SaMD regulatory pathway FDA guide covering IMDRF risk framework, FDA classification, 510(k) vs De Novo vs PMA, and predetermined change control plans.

Assyro Team
16 min read

SaMD Regulatory Pathway: FDA Classification and Submission Requirements

Quick Answer

Software as a Medical Device (SaMD) is regulated by FDA under the medical device framework, informed by the IMDRF SaMD definition and risk concepts. FDA classifies SaMD into Class I, II, or III based on the device's intended use, technological characteristics, and risk profile. The submission pathway (510(k) vs De Novo, or PMA) depends on classification, predicate availability, and device-specific risks.
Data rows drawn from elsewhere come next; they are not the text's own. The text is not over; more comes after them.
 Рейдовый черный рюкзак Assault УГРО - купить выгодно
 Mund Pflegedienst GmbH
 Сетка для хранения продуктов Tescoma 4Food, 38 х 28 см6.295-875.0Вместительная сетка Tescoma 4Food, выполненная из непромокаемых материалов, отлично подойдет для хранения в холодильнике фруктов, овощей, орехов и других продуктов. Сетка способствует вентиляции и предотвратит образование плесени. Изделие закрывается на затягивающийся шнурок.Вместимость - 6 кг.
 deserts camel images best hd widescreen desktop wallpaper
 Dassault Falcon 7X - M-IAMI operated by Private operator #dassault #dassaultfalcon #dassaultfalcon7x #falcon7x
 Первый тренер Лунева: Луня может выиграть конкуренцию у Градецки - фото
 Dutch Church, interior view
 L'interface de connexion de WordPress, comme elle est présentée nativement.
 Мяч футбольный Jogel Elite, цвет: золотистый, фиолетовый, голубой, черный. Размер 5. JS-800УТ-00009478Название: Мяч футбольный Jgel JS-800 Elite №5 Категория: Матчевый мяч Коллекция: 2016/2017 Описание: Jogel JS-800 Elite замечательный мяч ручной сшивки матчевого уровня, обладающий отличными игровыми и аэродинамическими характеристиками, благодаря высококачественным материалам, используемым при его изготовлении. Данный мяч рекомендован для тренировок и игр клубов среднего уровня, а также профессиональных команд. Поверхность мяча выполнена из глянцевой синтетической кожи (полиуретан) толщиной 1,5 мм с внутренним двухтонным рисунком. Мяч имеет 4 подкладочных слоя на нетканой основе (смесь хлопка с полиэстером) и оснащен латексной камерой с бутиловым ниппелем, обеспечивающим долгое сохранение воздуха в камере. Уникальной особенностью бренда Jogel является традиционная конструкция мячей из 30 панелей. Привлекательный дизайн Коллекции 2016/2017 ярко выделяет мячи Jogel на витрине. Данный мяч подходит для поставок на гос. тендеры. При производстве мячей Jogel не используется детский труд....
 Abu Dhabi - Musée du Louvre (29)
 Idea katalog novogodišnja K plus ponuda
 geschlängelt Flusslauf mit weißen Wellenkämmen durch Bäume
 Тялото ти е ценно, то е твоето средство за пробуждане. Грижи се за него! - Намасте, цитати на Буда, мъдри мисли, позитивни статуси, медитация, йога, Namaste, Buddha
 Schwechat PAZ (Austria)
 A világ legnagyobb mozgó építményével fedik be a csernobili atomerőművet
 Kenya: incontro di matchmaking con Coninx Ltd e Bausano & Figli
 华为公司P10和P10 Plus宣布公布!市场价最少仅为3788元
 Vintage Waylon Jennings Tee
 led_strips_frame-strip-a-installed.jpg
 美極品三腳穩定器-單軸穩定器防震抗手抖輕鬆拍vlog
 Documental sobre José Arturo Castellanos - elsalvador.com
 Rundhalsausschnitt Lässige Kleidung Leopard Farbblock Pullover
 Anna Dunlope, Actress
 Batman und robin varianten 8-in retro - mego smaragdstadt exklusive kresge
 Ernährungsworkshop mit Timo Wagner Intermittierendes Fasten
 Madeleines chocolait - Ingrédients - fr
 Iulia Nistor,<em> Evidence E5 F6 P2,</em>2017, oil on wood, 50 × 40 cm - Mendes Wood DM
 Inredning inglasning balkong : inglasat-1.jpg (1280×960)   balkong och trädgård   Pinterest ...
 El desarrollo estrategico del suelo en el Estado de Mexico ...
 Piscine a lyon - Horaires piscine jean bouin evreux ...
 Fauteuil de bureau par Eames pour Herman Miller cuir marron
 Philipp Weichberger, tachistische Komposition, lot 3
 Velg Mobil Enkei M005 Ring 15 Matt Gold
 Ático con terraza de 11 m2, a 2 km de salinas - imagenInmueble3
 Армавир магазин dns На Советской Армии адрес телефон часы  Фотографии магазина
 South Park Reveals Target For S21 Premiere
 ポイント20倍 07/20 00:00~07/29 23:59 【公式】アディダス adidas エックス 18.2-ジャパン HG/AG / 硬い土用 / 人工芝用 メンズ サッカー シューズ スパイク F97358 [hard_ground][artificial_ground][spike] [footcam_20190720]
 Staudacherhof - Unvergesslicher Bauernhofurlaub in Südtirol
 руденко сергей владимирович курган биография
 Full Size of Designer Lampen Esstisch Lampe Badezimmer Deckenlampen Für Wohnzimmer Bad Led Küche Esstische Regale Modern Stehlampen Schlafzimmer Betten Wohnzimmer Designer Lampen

For AI-enabled device software functions, FDA's August 2025 PCCP guidance explains how certain planned post-authorization modifications may be described in a marketing submission.

Key Takeaways

Key Takeaways

  • FDA classifies SaMD using the IMDRF risk framework based on significance of information provided and state of the healthcare situation.
  • Novel SaMD with no predicate often requires De Novo classification, but the correct pathway depends on the specific device type and existing classification history.
  • For AI-enabled device software functions, FDA's August 2025 PCCP guidance describes when certain pre-specified modifications may be managed within an authorized PCCP.
  • Section 520(o) of the FD&C Act excludes certain software functions from device regulation, including qualifying clinical decision support.
  • Pre-Submission meetings with FDA are strongly recommended for novel SaMD to confirm classification and clinical evidence expectations.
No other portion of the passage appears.